→ DATA EXCERPT:
● ● ● ● ● ● ●

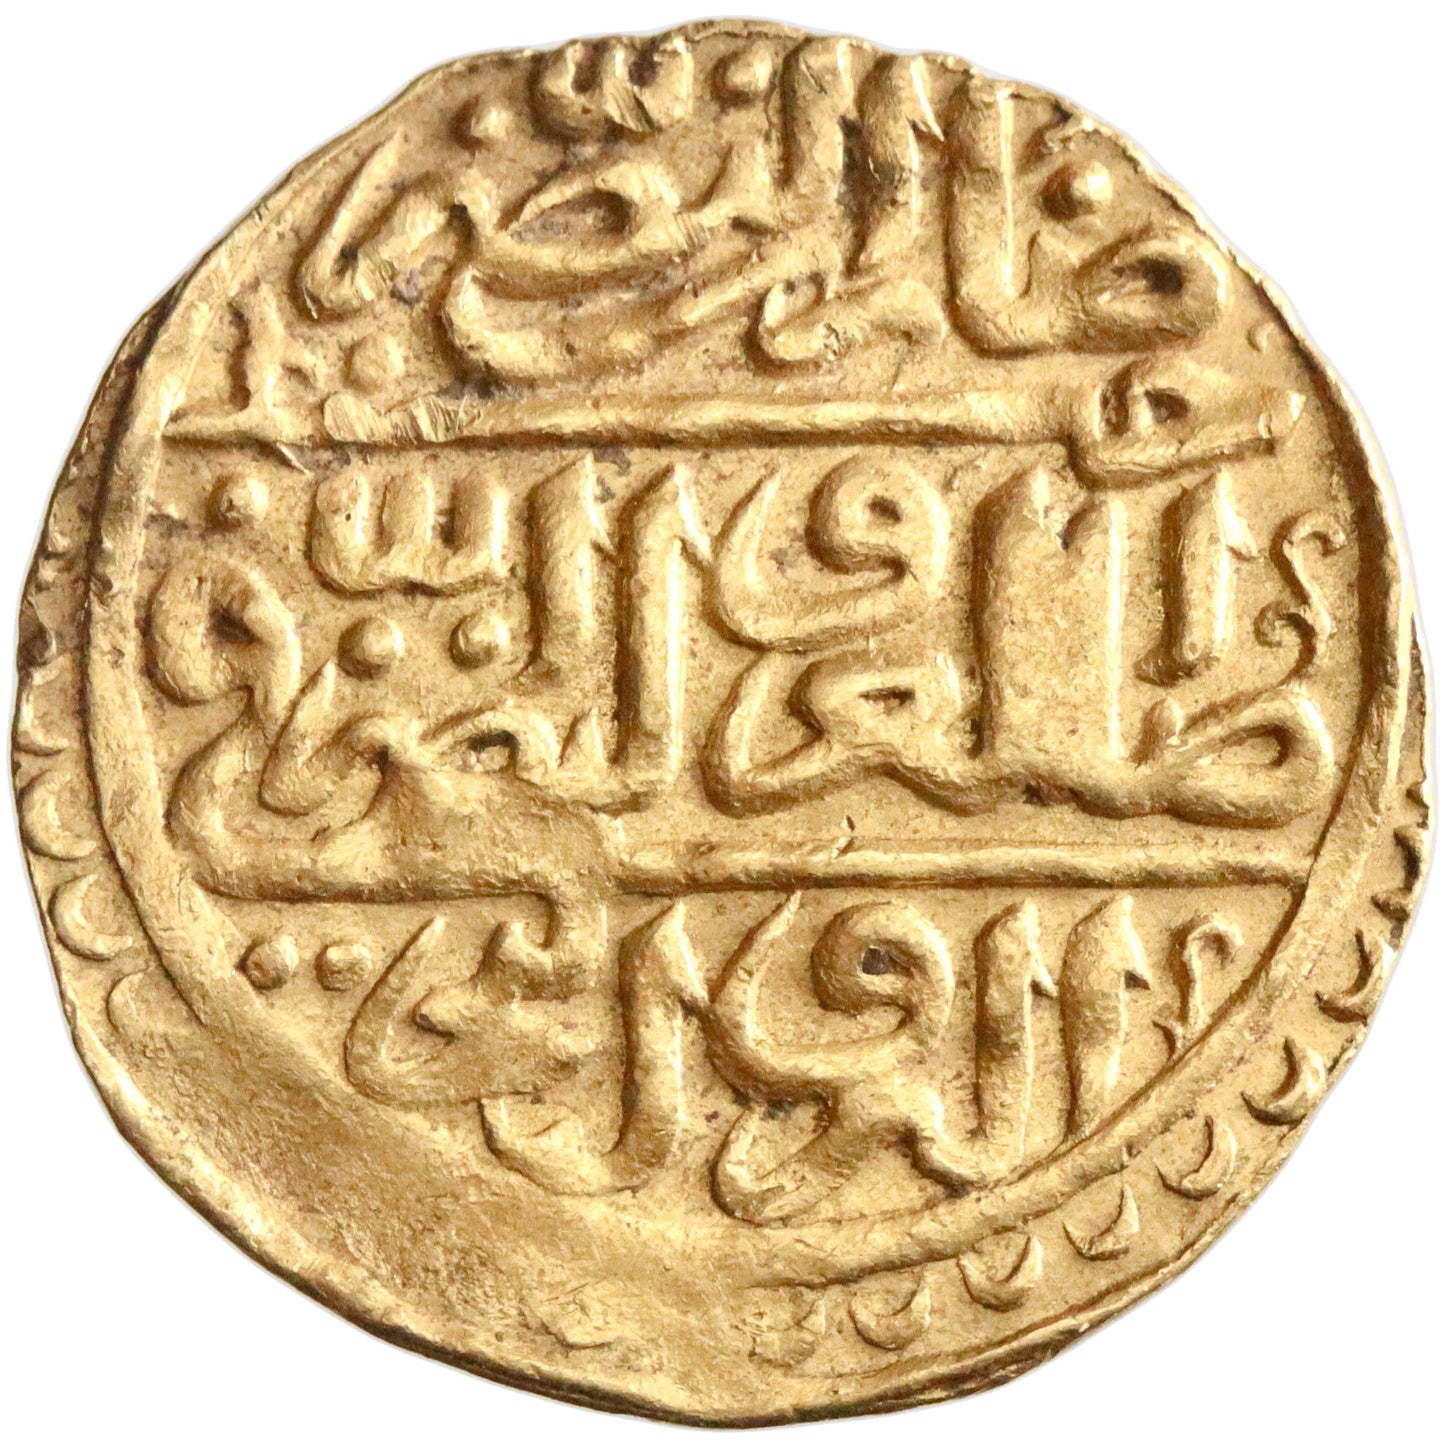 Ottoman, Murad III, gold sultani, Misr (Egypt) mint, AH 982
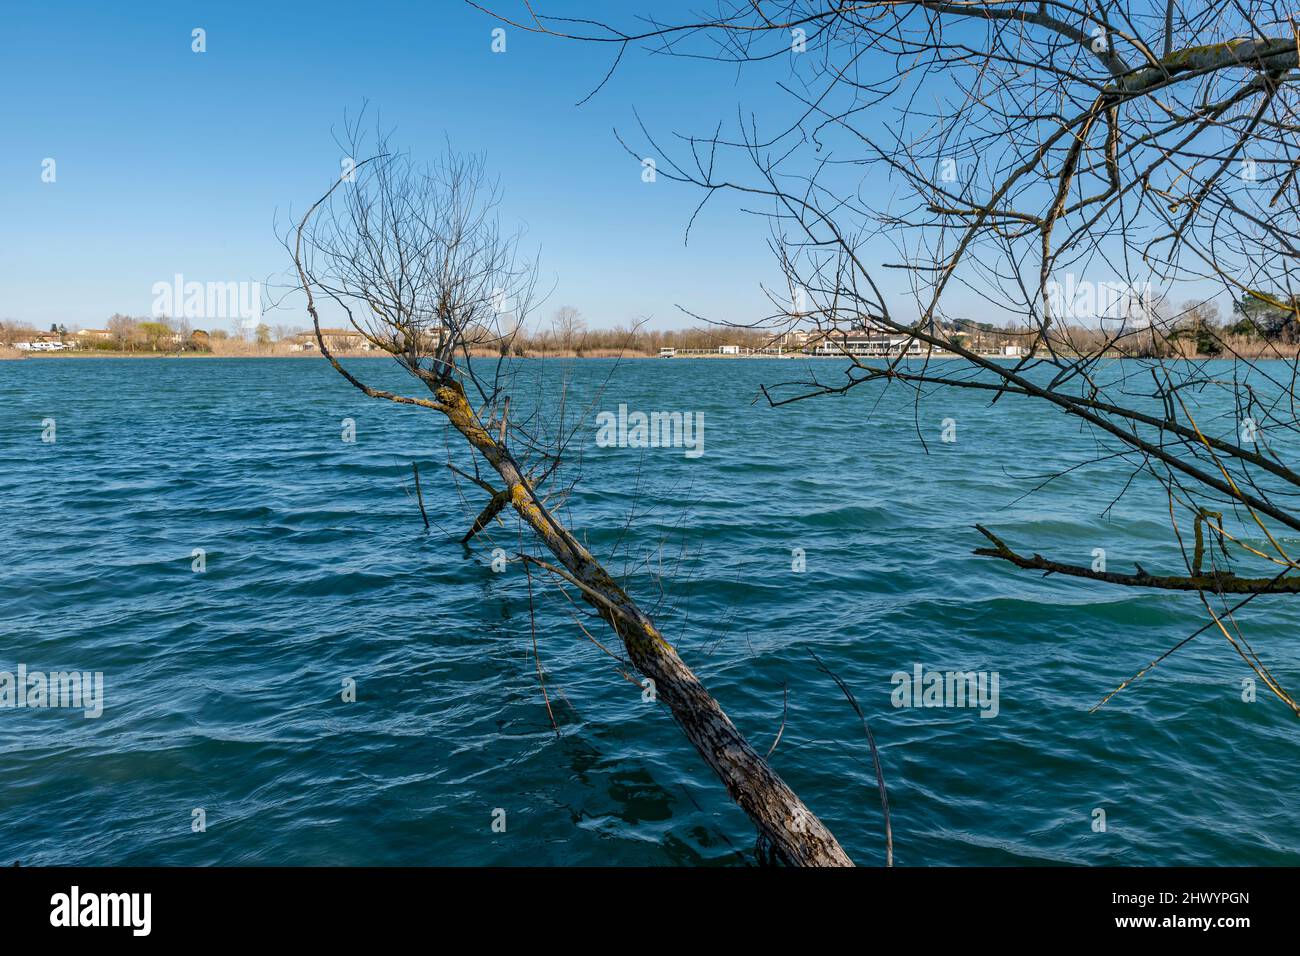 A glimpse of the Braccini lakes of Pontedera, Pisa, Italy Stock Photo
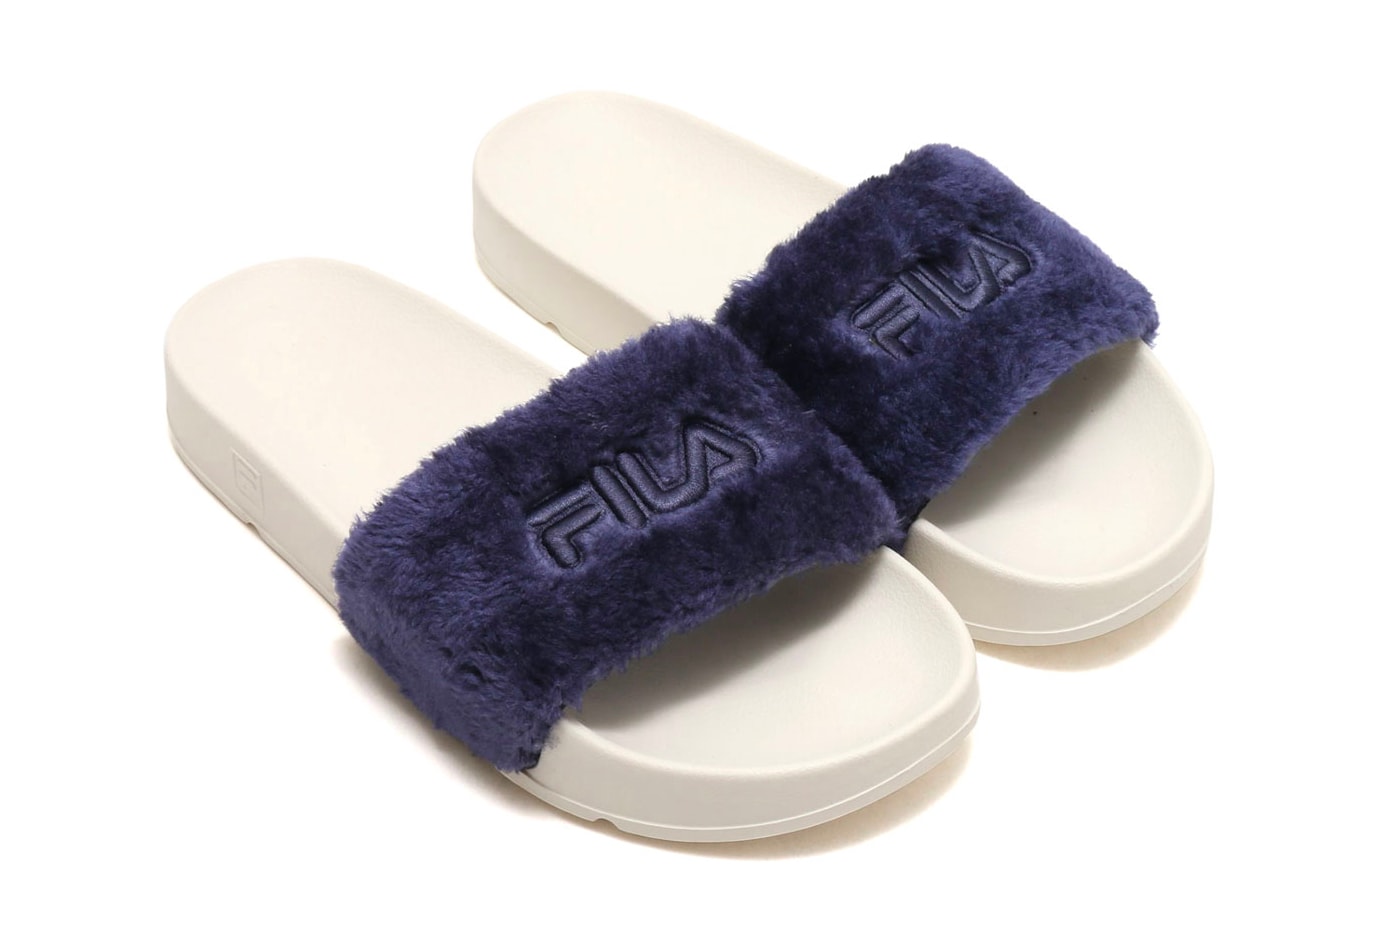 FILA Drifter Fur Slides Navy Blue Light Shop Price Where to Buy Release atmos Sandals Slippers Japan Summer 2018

● ● ● ● ● ● ●

→ WORK ITEM: Keep the pictures out, and write out the rest of the data above word for word.

→ THE ANSWER:
 Ottoman, Murad III, gold sultani, Misr (Egypt) mint, AH 982
 A glimpse of the Braccini lakes of Pontedera, Pisa, Italy Stock Photo
 FILA Drifter Fur Slides Navy Blue Light Shop Price Where to Buy Release atmos Sandals Slippers Japan Summer 2018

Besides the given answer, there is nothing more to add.